■ Given material:
....................

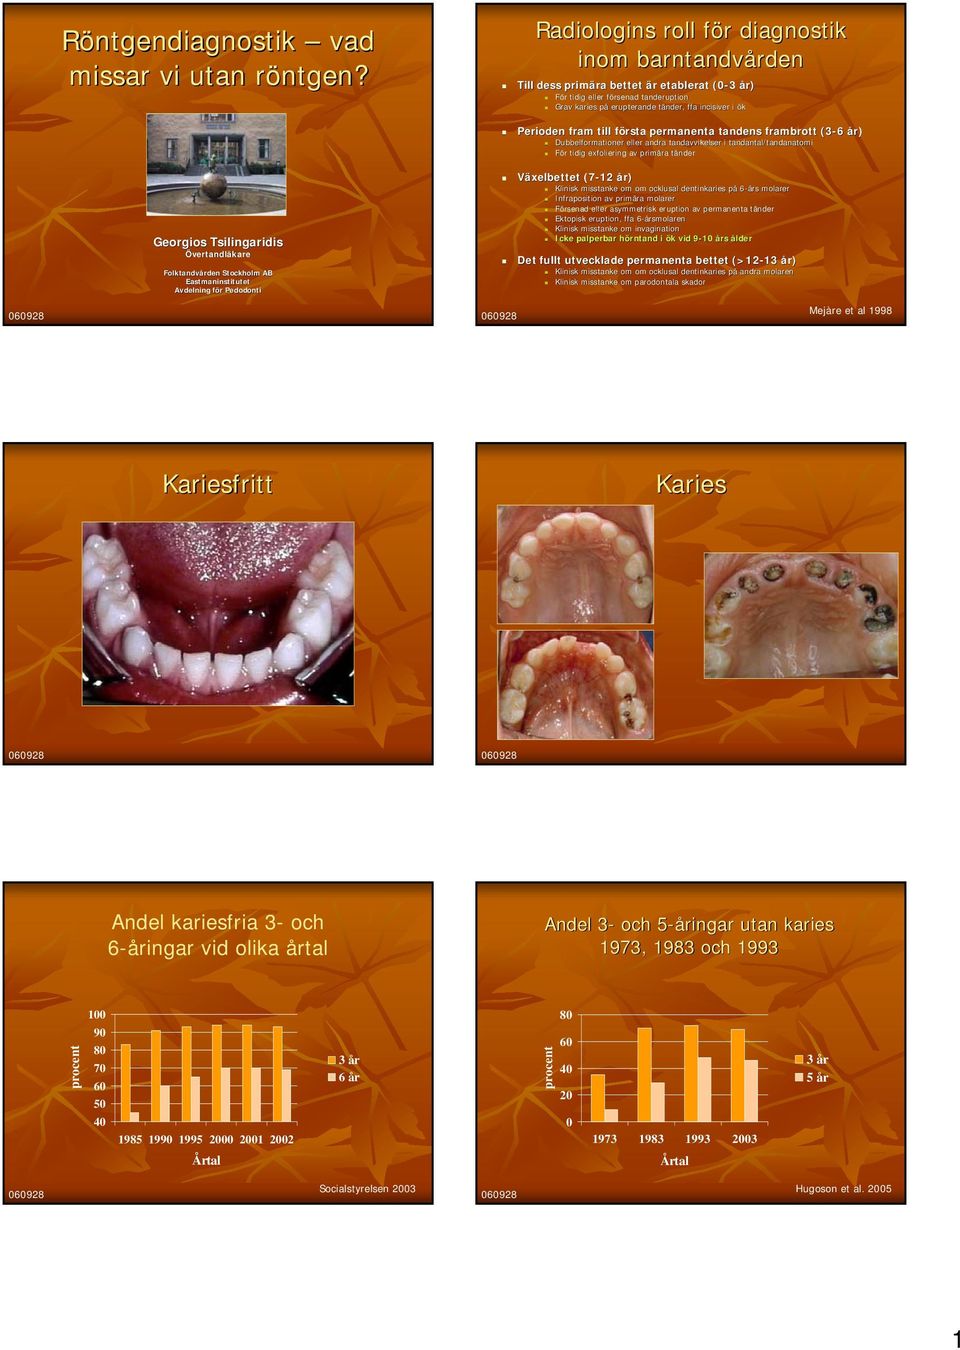 Perioden fram till första permanenta tandens frambrott (3-6 6 år) Dubbelformationer eller andra tandavvikelser i tandantal/tandanatomi tomi För tidig exfoliering av primära tänder Georgios
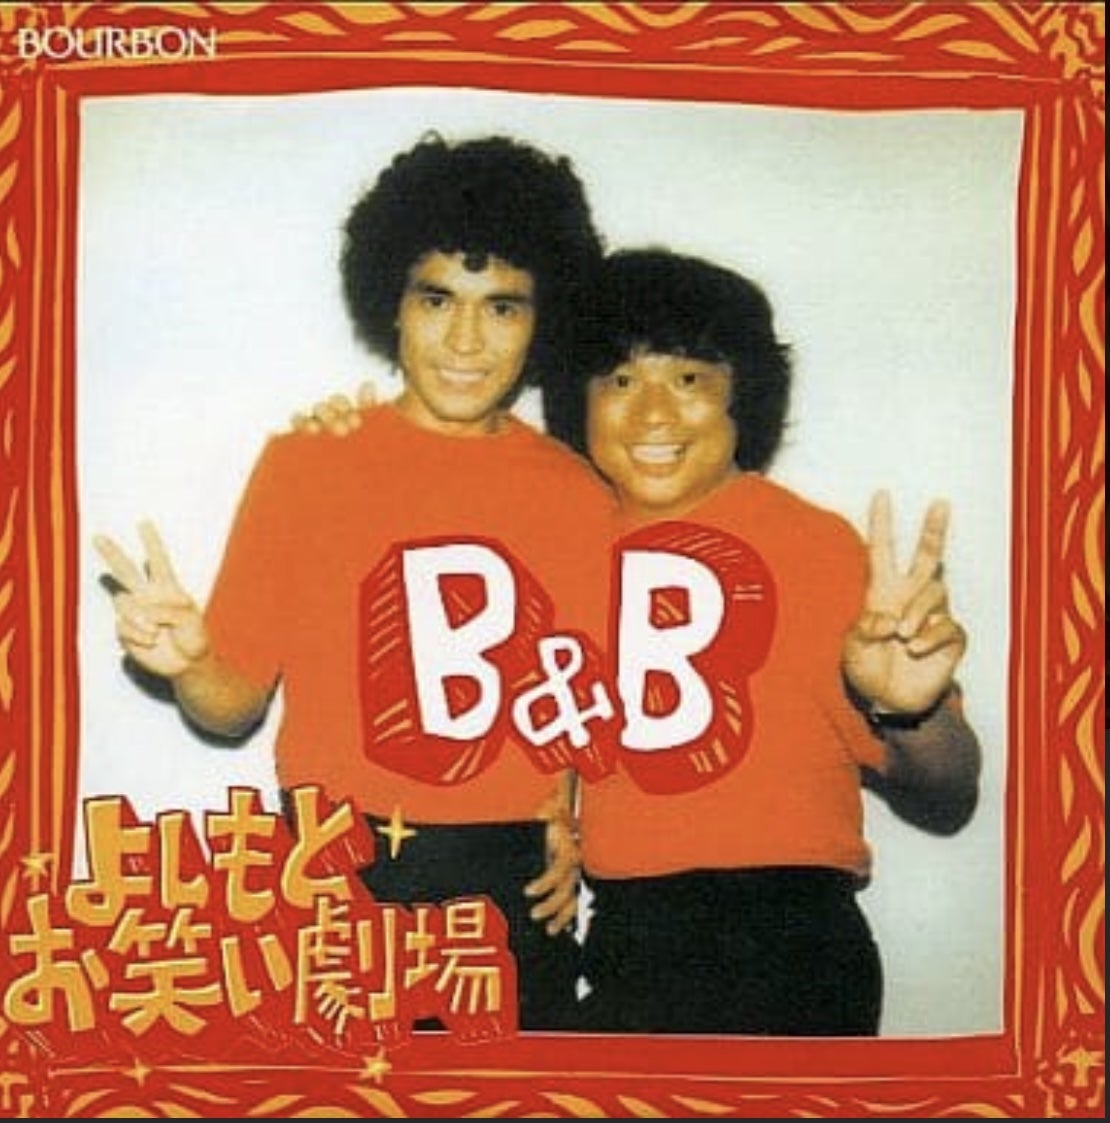 ブルボン よしもとお笑い劇場4『B&B』（※澤田隆治プロデュース
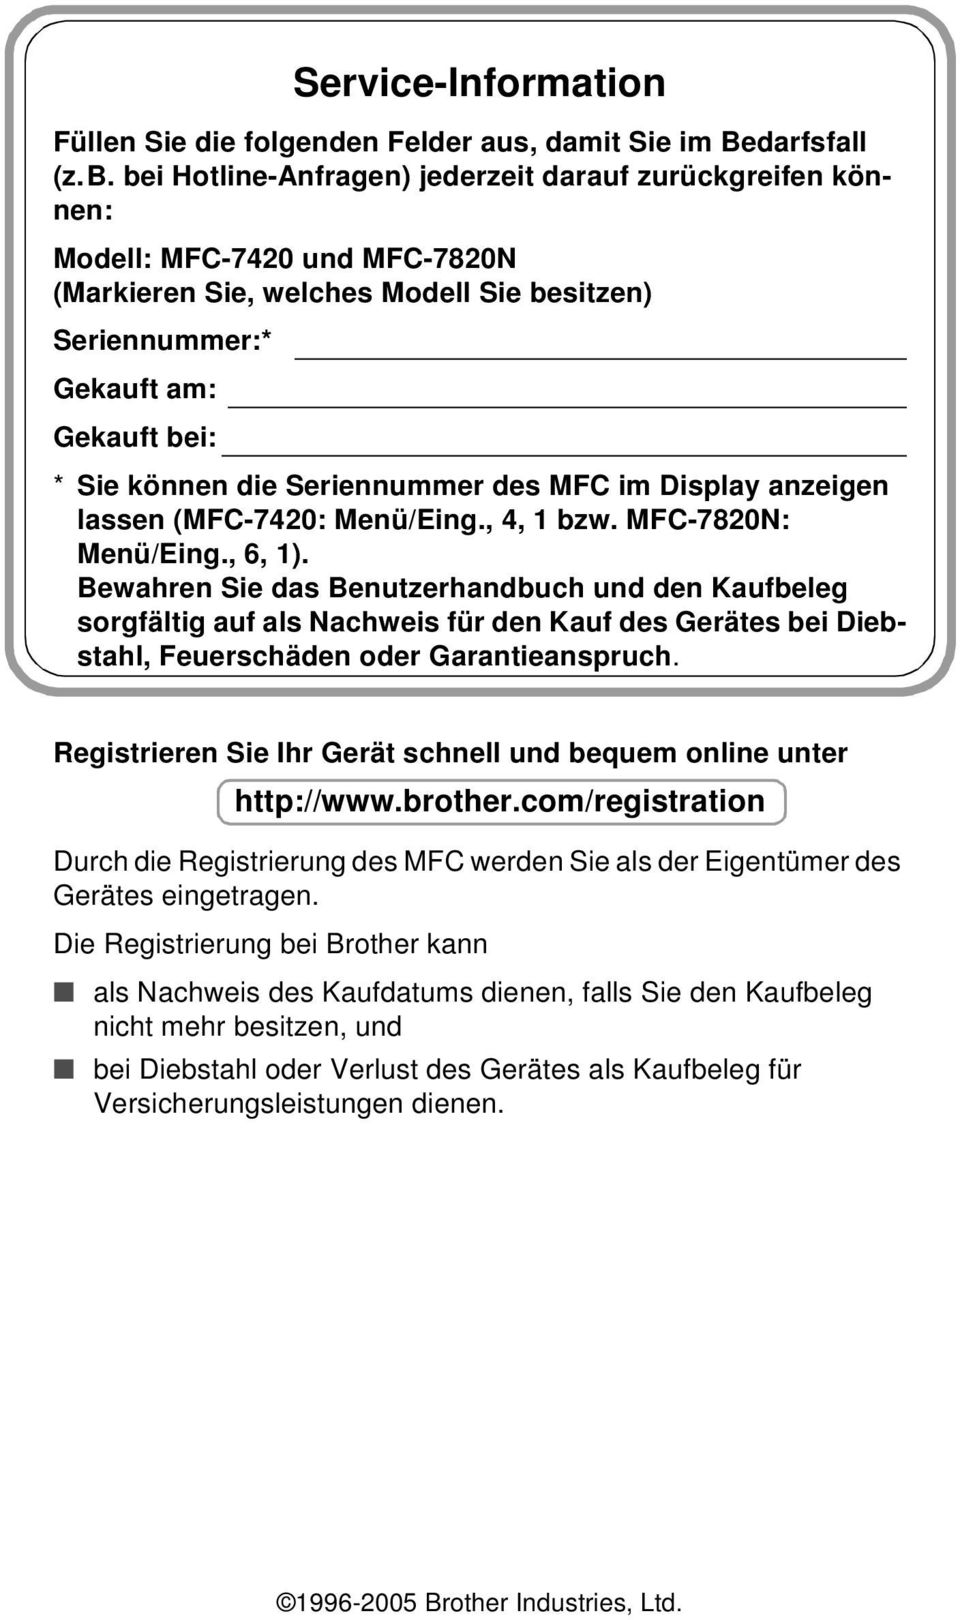 Seriennummer des MFC im Display anzeigen lassen (MFC-7420: Menü/Eing., 4, 1 bzw. MFC-7820N: Menü/Eing., 6, 1).

....................

■ Aim of the exercise:
With the pictures left out, copy exactly the lines from the one containing "ブルボン よしもとお笑い劇場4『B&B』（※澤田隆治プロデュース" through the last line of the data.

■ Response to this task:
 ブルボン よしもとお笑い劇場4『B&B』（※澤田隆治プロデュース
 Seriennummer des MFC im Display anzeigen lassen (MFC-7420: Menü/Eing., 4, 1 bzw. MFC-7820N: Menü/Eing., 6, 1).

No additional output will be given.